We walked outside after we got home from work!


I know, boring, but it’s fucking February! This is a big deal to us.

I’m still editing the contemporary novel. I have a list of revisions I need to make:

  1. Fix the family scenes

  2. Stop white-washing LA

  3. Explain the living arrangements better

  4. Stop white-washing LA (If you follow It’s About the Book reviews, you know what made me think about this now.)

This novel has diversity, but not enough. The Mexican first love, the German replacement (who is white, so probably doesn’t count), the charming and talented African American actress, the Puerto Rican dating disaster. The talent agency I’ve created focuses on diverse performers, but most are not major characters and don’t have names.

Both of my main characters are white, middle-class cis-male almost-celebrities. They’re like…B-List? Maybe C-List? They’re surrounded by beauty and color and I need to show that.

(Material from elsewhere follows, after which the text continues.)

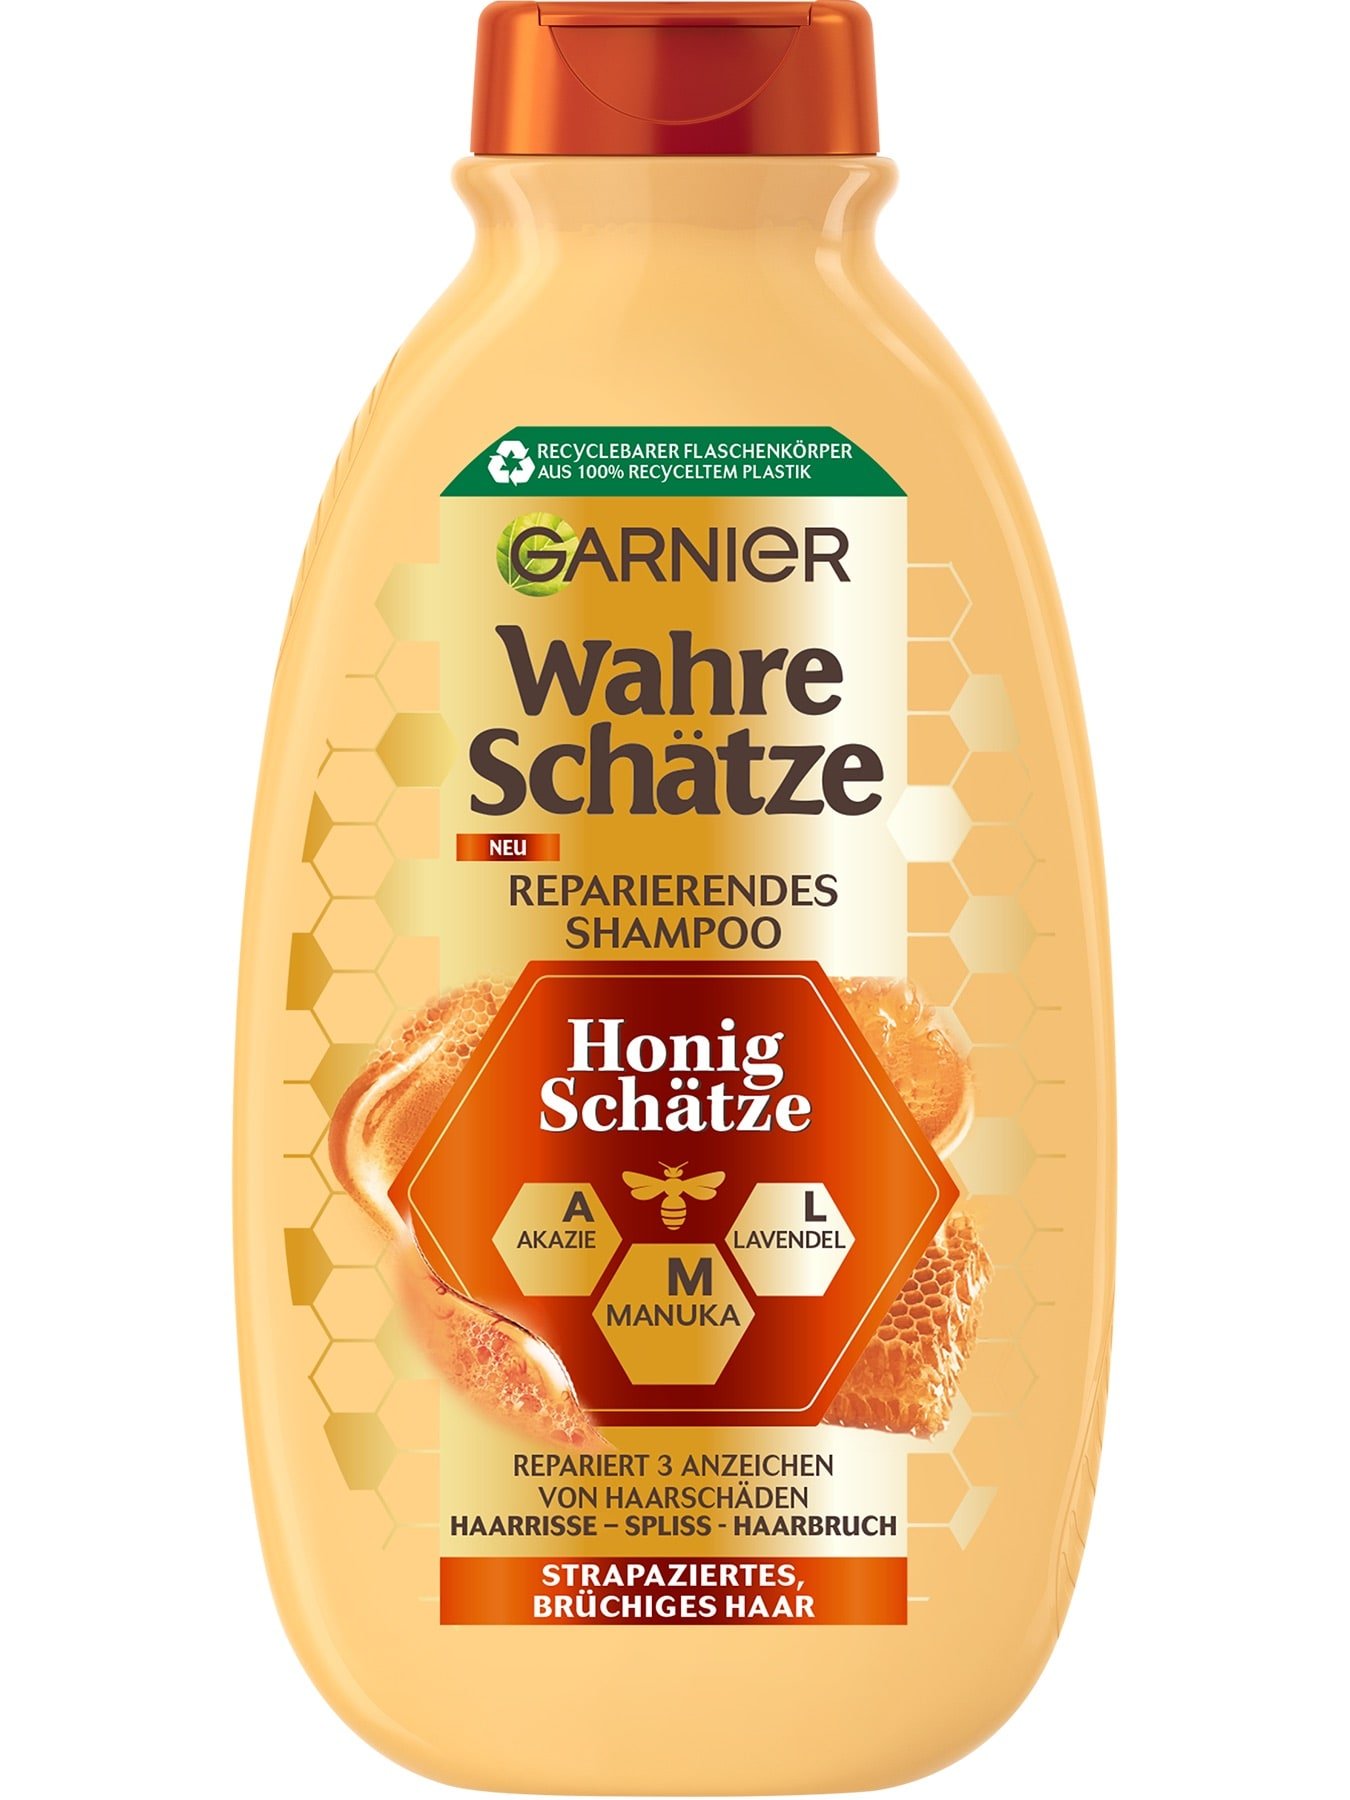 Wahre Schätze Reparierendes Shampoo Honig Schätze 300ml - Produktabbildung

I know. This should have been a focus while I was writing. In my defense, I live in white middle-class suburbia. I befriended the first black person I met in real life because OMG A REAL BLACK PERSON. (And he’s hilarious. Besides, Consuela would have tried to strangle me in my sleep if we weren’t friends.)

I live in the biggest city in my state, and I still see a wall of mostly-white, everywhere I look.


I want to change that in my stories. I want my world to seem natural, but I also need it to seem real. The real world is alight with the brilliant colors of the rainbow, and beyond. It’s time to bring that light into my novel, and let it shine.